How many nannies do you place in a month? A good agency will place at least three to six nannies every month.

How do you screen your nannies? The agency should be able to provide you with information about the nanny's previous employers, her references, and the general impression she made on the people she has worked for. The screener who works for the agency should also offer her own impression of the nanny. Ask also about the screener's background; top-notch agencies and some nanny training schools employ screeners who have degrees in social work and/ or child development. Most agencies will not do criminal background checks until you have selected a nanny and she has agreed to work for you.

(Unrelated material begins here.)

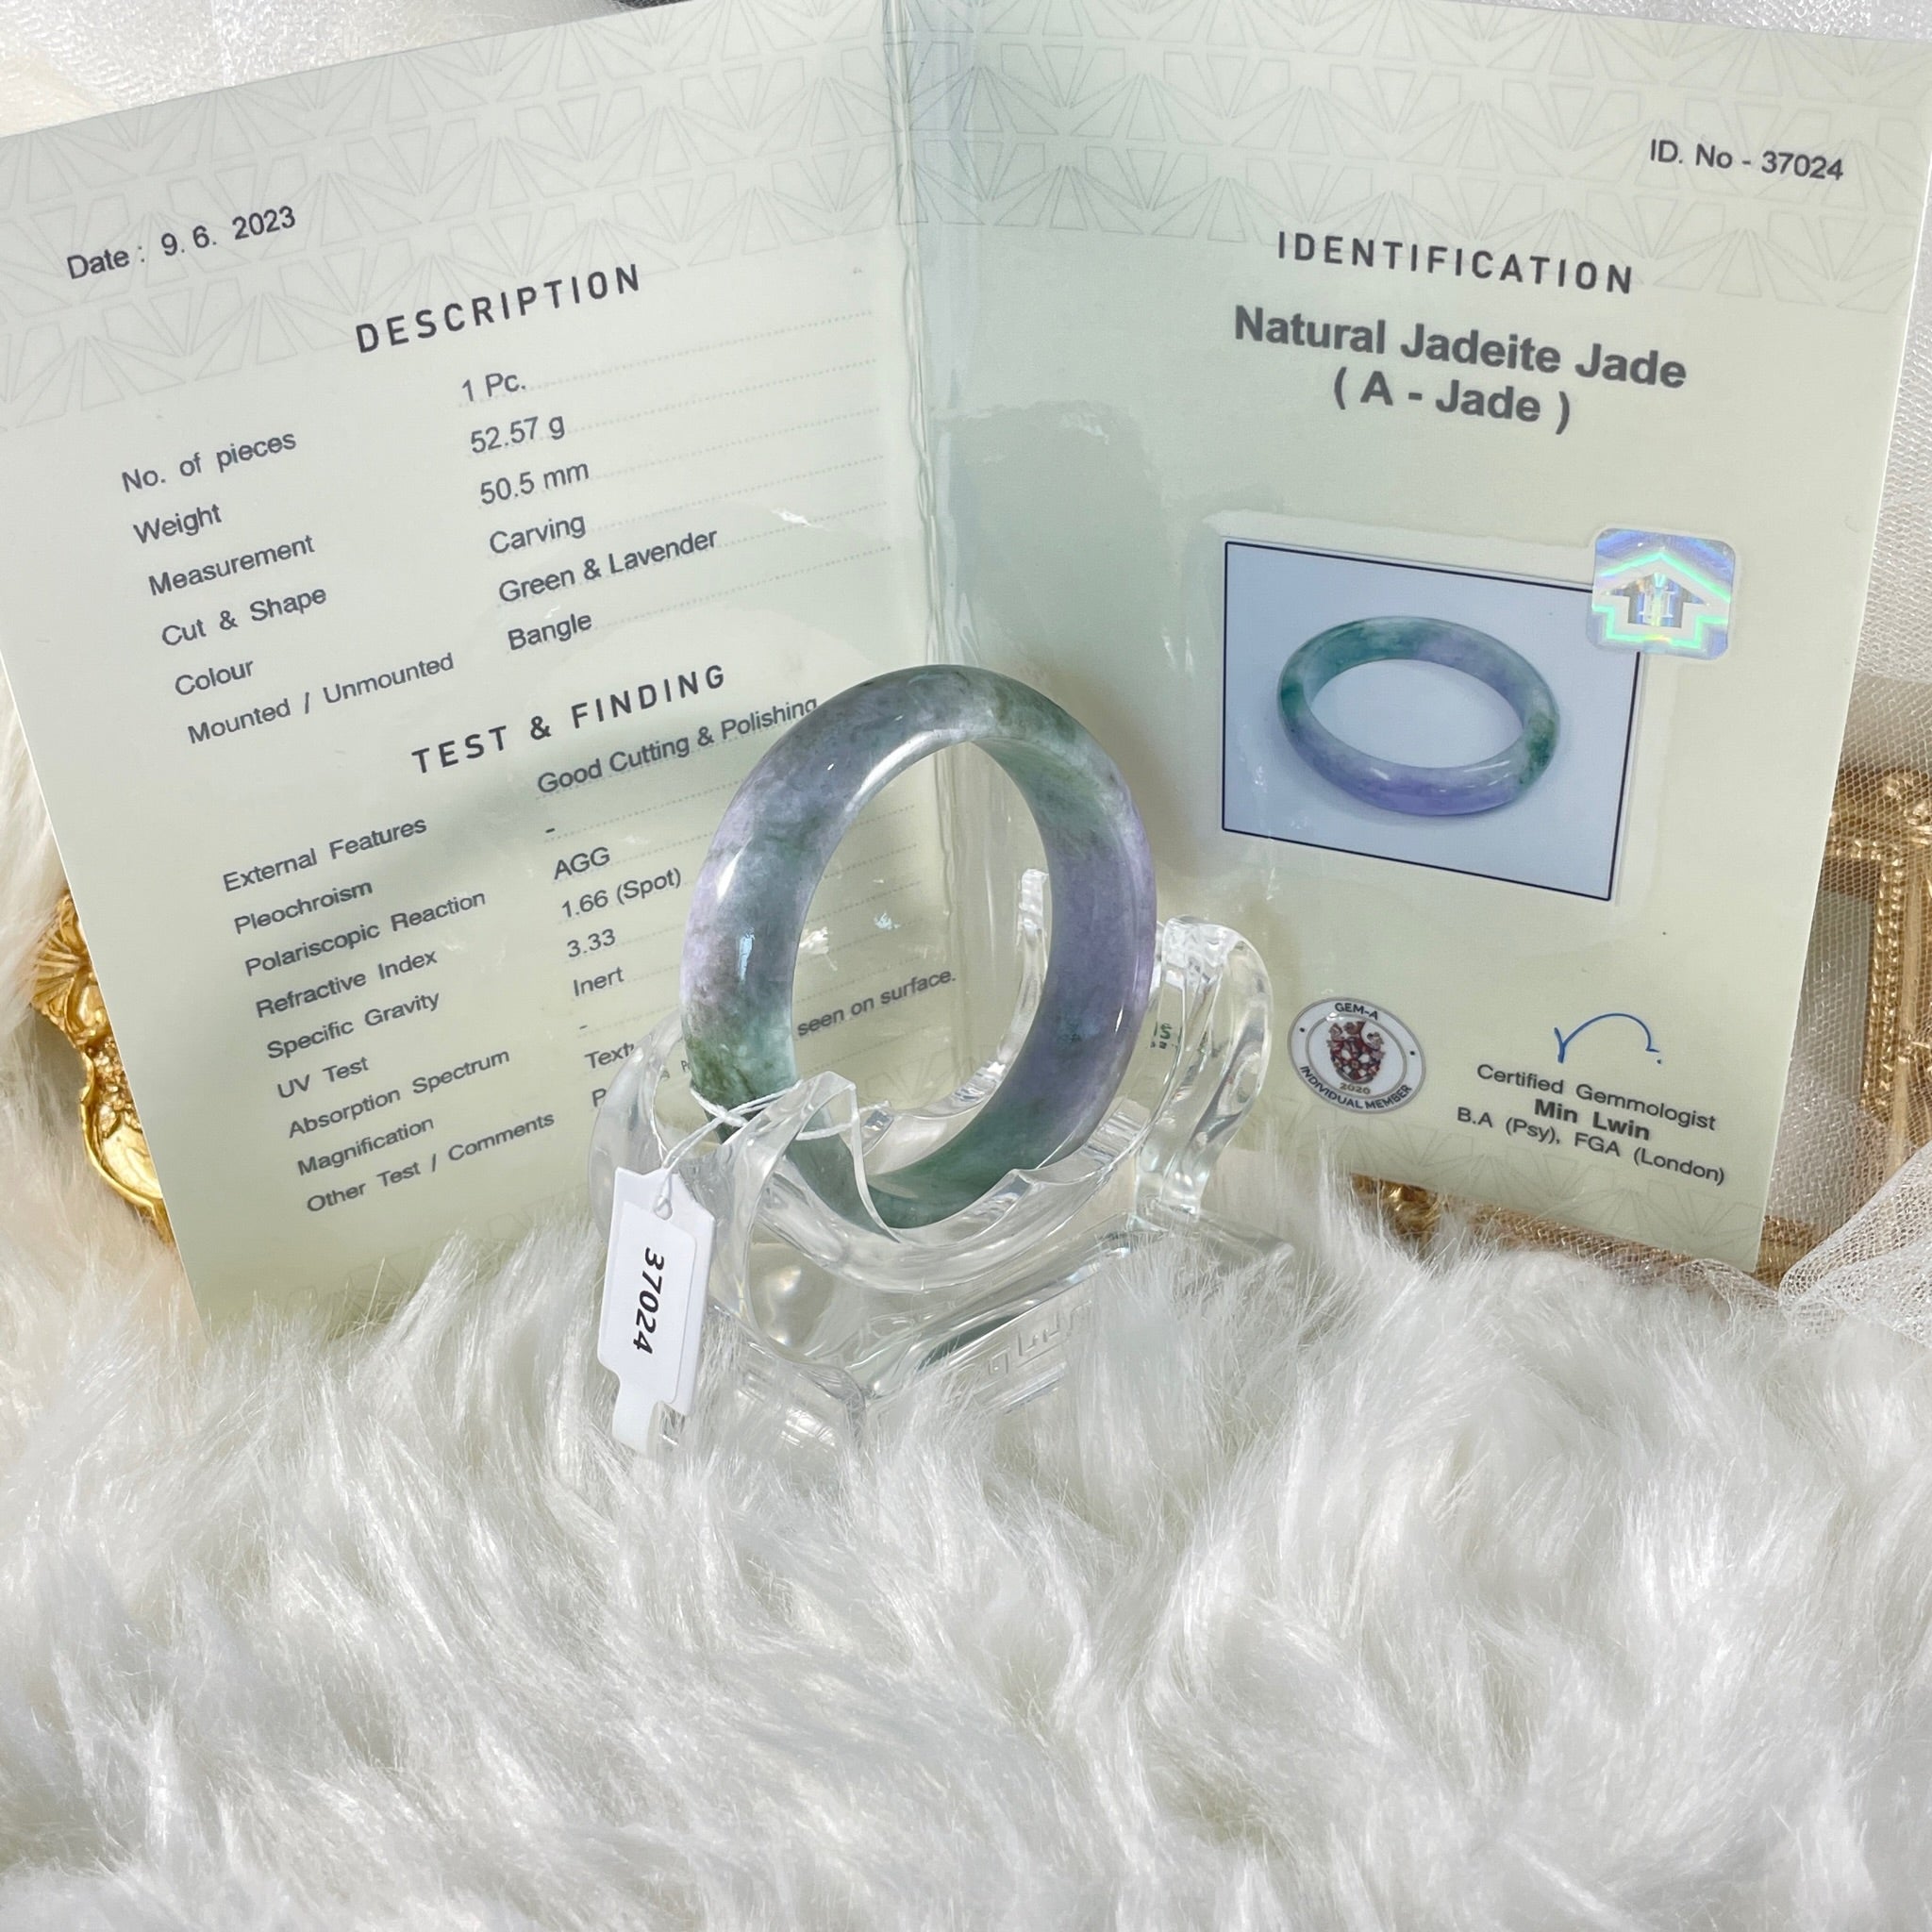 Grade A Natural Jade Bangle with certificate #37024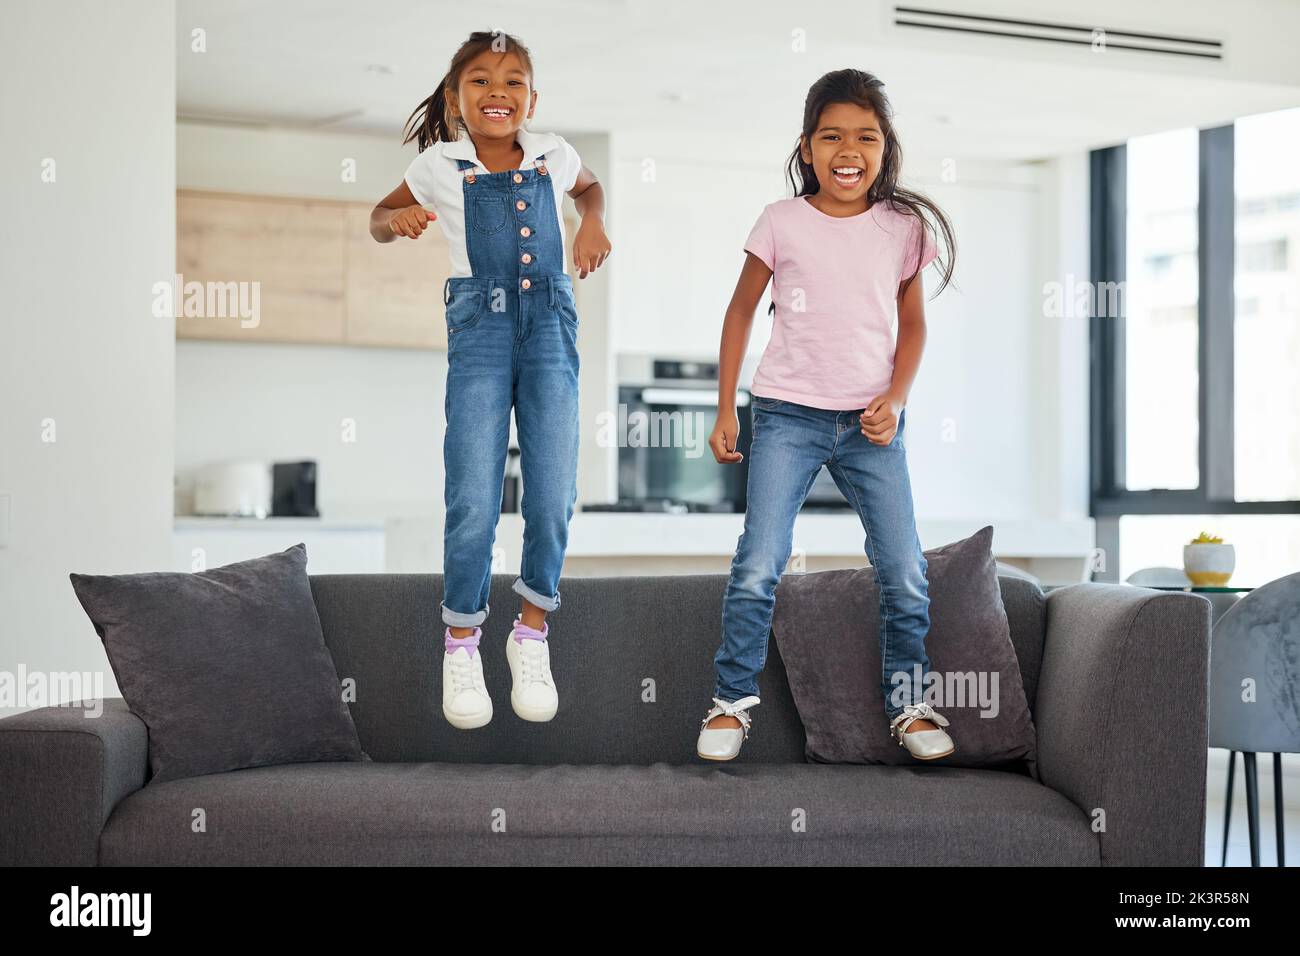 Excited girl kids jumping on living room sofa furniture at home for fun, energy and play games. Portrait crazy, happy and wild young children adhd Stock Photo

What are your fees? They vary dramatically across the country, from around $500 to more than $3,000. If you hire a nanny through a placement agency that is part of a nanny training program, such as the English Nanny and Governess School in Chagrin Falls, Ohio (the Big Kahuna of nanny programs), the fee may be calculated as a percentage of the nanny's yearly salary. Whatever the fee, get it in writing. Most agencies offer a 90-day replacement policy, but few will agree to refund your fee if the nanny doesn't work out.

How do you support and train your nannies? If the agency is part of a nanny training program, they will have a comprehensive description of the training each nanny receives and will provide her with plenty of books and other reference material to take on the job. Other agencies give their nannies a package that includes child-rearing information, daily logs, food and nutrition tips, and toilet-training strategies.

Do you follow up after the nanny is placed? One great advantage to using an agency is that they can help facilitate a good relationship between you and the nanny after she begins working for you. The agency should call you the first week and check in periodically thereafter. Ask about their policy in this regard. If you are having trouble with the nanny or if she has concerns about you, the agency can serve as middleman and help iron things out.